Ahead of you is what appears to be a large ocean trench. Could the keys have fallen into it? You'd better send a probe to investigate.
The probe launcher on your submarine can fire the probe with any integer velocity in the x (forward) and y (upward, or downward if negative) directions. For example, an initial x,y velocity like 0,10 would fire the probe straight up, while an initial velocity like 10,-1 would fire the probe forward at a slight downward angle.
The probe's x,y position starts at 0,0. Then, it will follow some trajectory by moving in steps. On each step, these changes occur in the following order:
- The probe's x position increases by its x velocity.
- The probe's y position increases by its y velocity.
- Due to drag, the probe's x velocity changes by 1 toward the value 0; that is, it decreases by 1 if it is greater than 0, increases by 1 if it is less than 0, or does not change if it is already 0.
- Due to gravity, the probe's y velocity decreases by 1.
For the probe to successfully make it into the trench, the probe must be on some trajectory that causes it to be within a target area after any step. The submarine computer has already calculated this target area (your puzzle input). For example:
target area: x=20..30, y=-10..-5
This target area means that you need to find initial x,y velocity values such that after any step, the probe's x position is at least 20 and at most 30, and the probe's y position is at least -10 and at most -5.

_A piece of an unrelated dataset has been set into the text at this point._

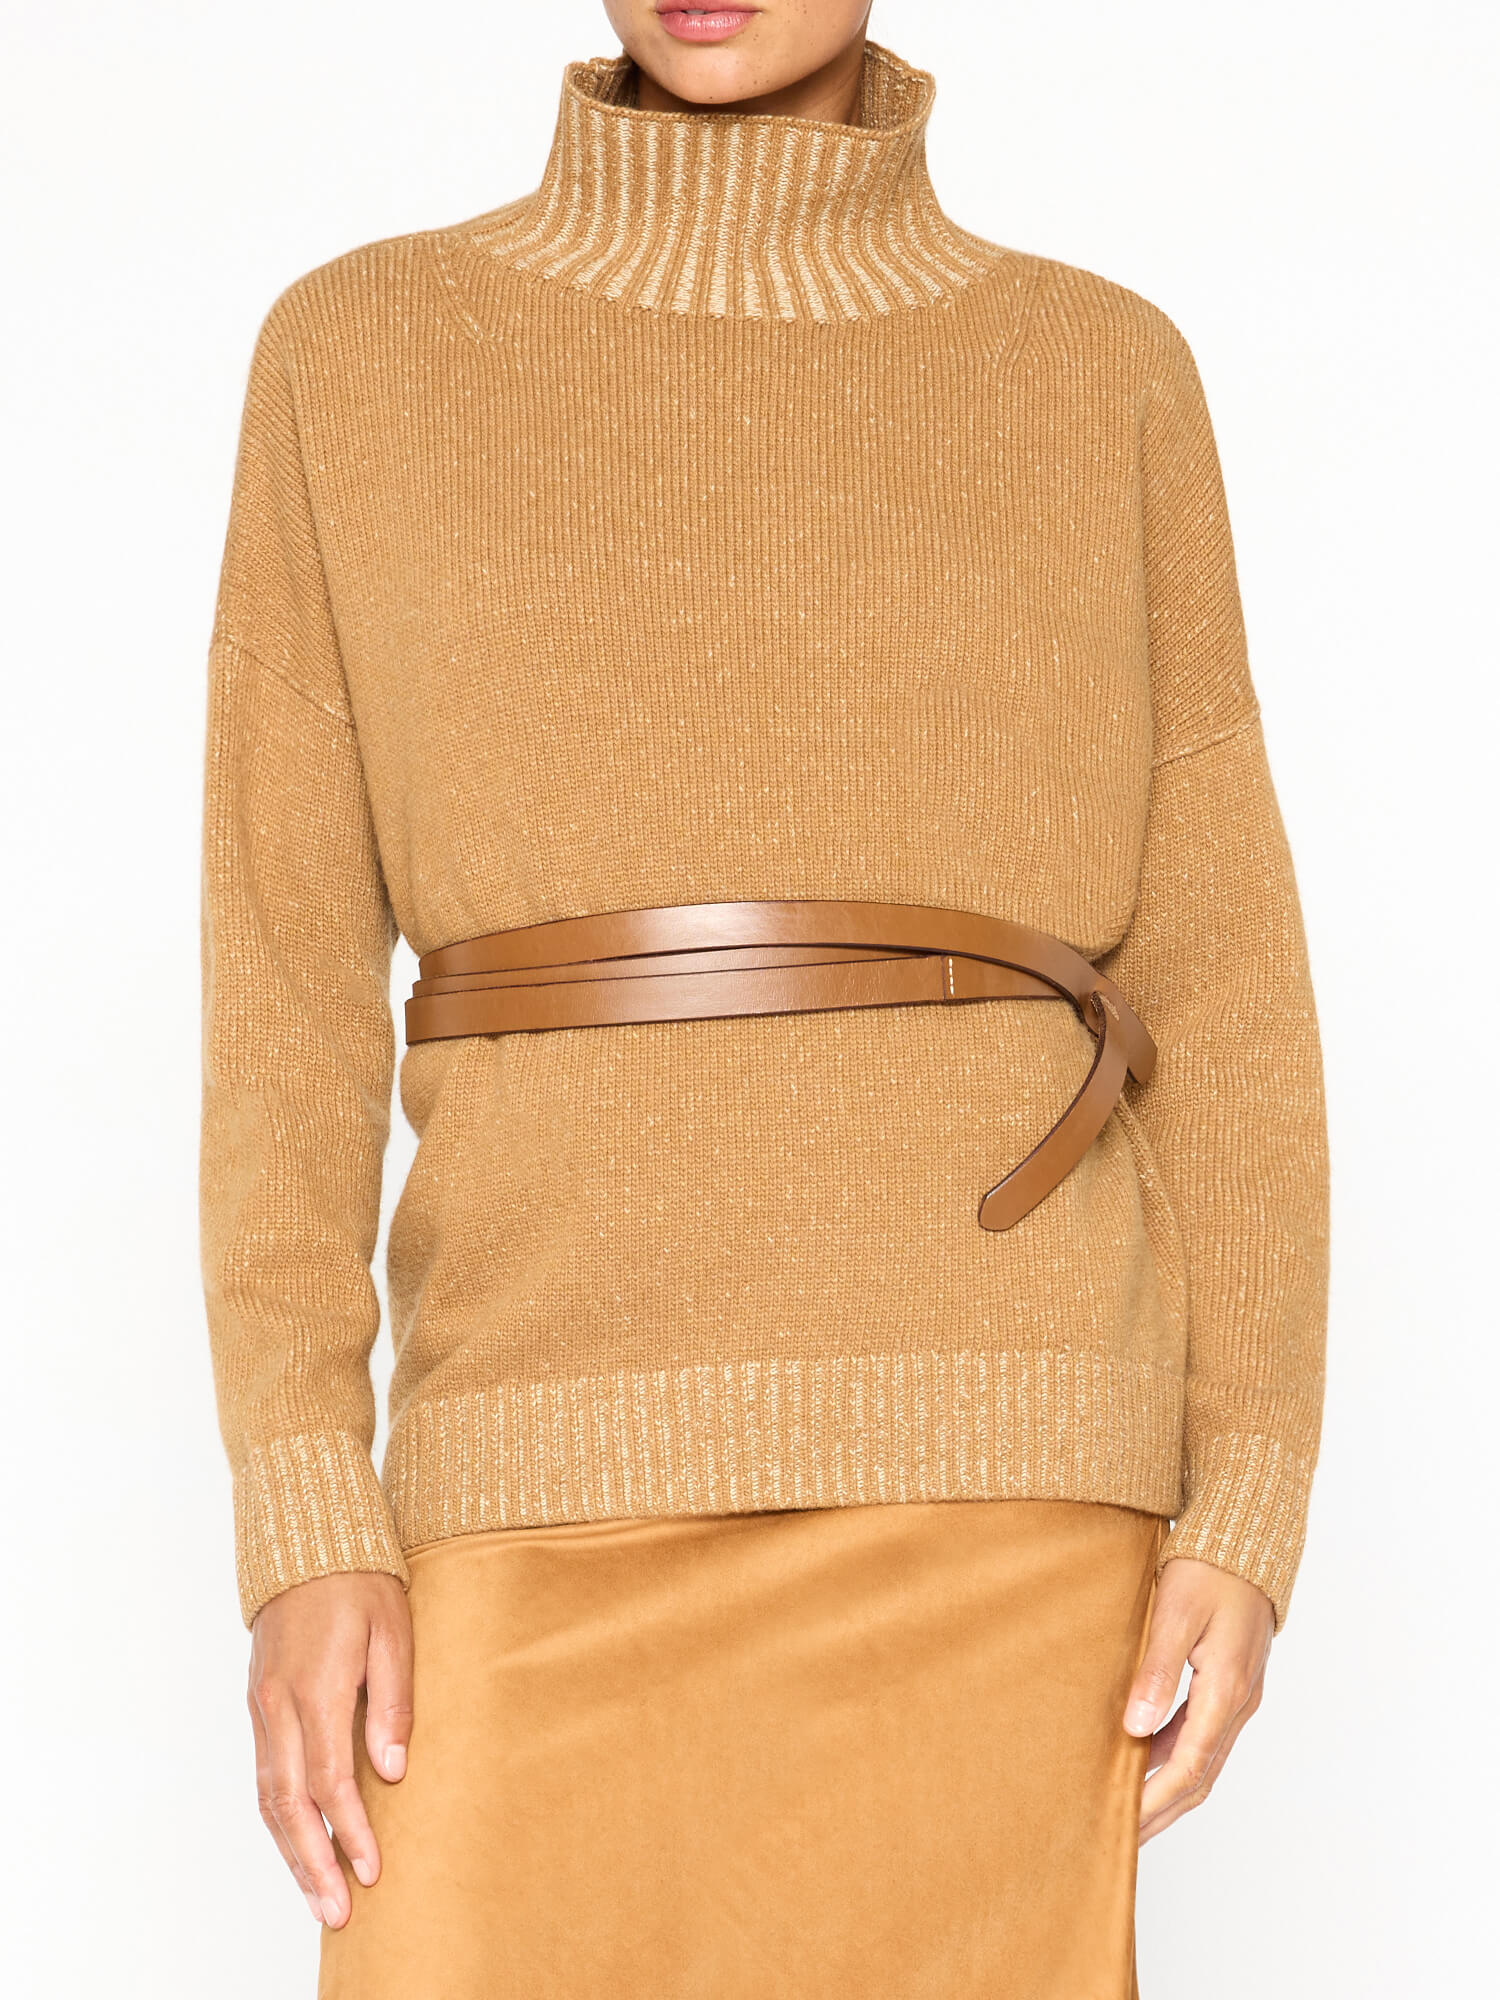 Ana tan turtleneck sweater front view 3

Given this target area, one initial velocity that causes the probe to be within the target area after any step is 7,2:
.............#....#............
.......#..............#........
...............................
S........................#.....
...............................
...............................
...........................#...
...............................
....................TTTTTTTTTTT
....................TTTTTTTTTTT
....................TTTTTTTT#TT
....................TTTTTTTTTTT
....................TTTTTTTTTTT
....................TTTTTTTTTTT
In this diagram, S is the probe's initial position, 0,0. The x coordinate increases to the right, and the y coordinate increases upward. In the bottom right, positions that are within the target area are shown as T. After each step (until the target area is reached), the position of the probe is marked with #. (The bottom-right # is both a position the probe reaches and a position in the target area.)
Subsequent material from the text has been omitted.